In the entries below, find the line with "cinematography videography Photography" and the line with "G.O.A.T. Gold Over". Return those two lines and all lines between them, exactly.

• Record set:

>>>

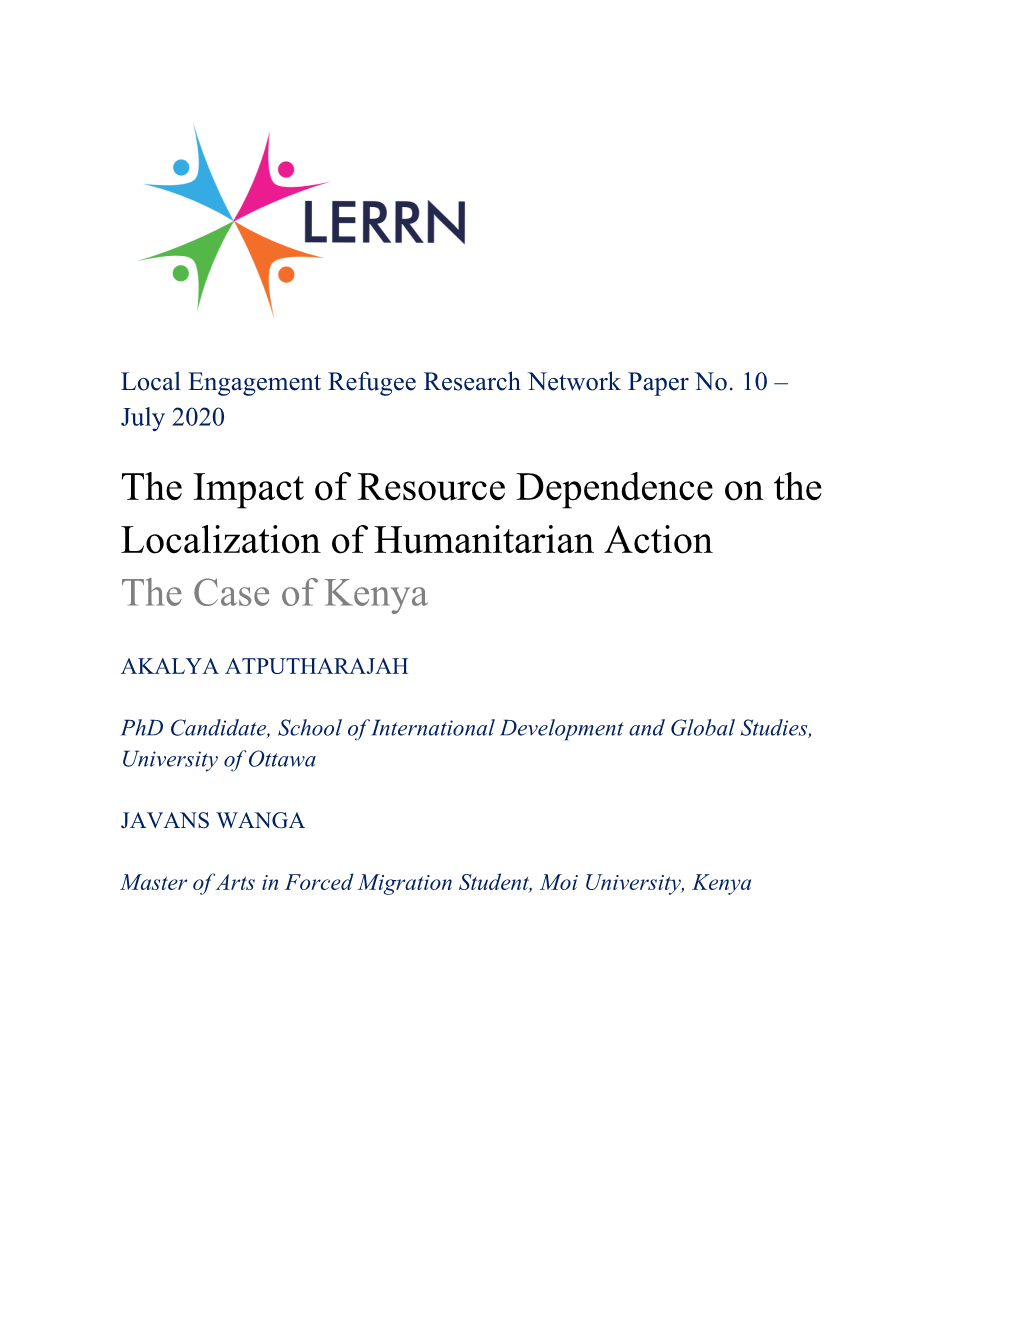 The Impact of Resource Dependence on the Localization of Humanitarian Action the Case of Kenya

<<<
>>>

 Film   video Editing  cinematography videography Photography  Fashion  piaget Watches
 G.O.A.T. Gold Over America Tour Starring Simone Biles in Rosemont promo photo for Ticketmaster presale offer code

<<<
>>>

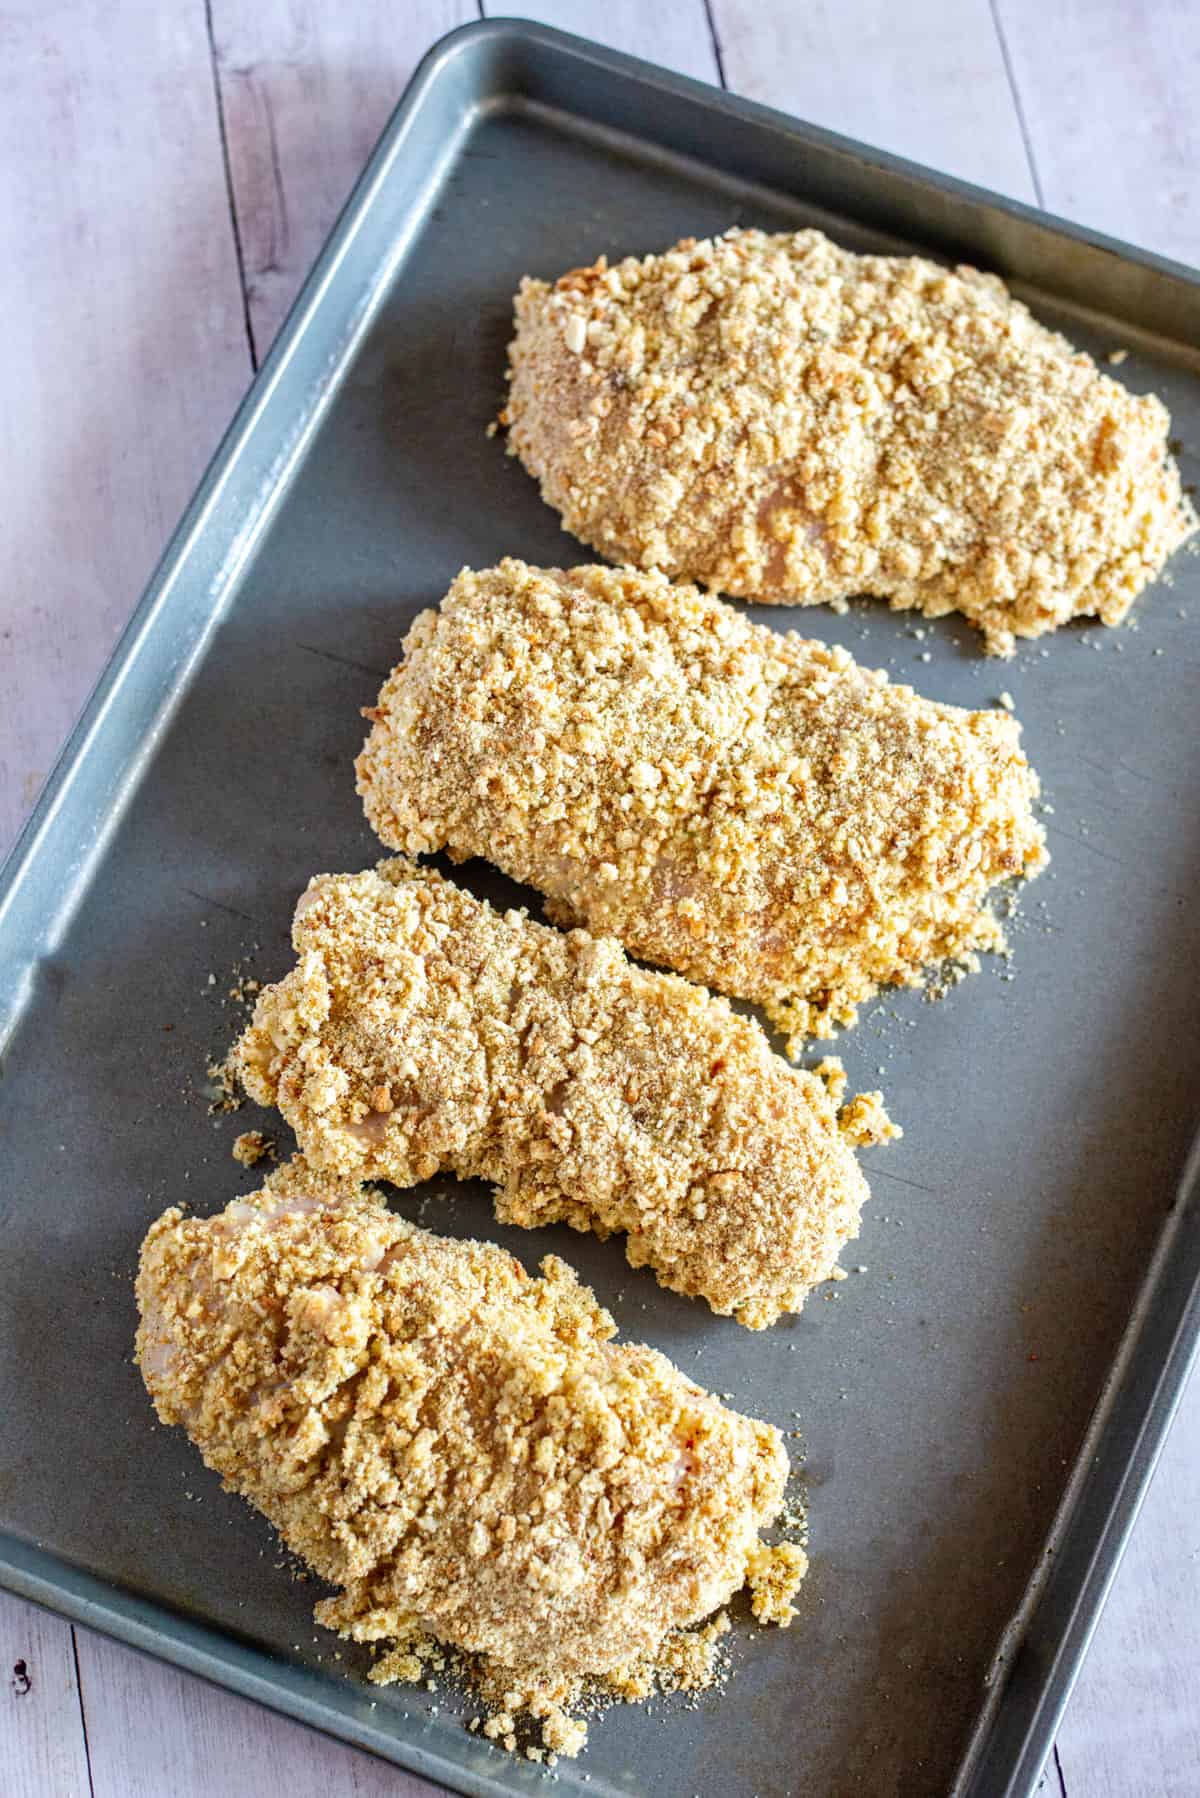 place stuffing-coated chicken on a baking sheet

<<<

• Solved exercise:
 Film   video Editing  cinematography videography Photography  Fashion  piaget Watches
 G.O.A.T. Gold Over America Tour Starring Simone Biles in Rosemont promo photo for Ticketmaster presale offer code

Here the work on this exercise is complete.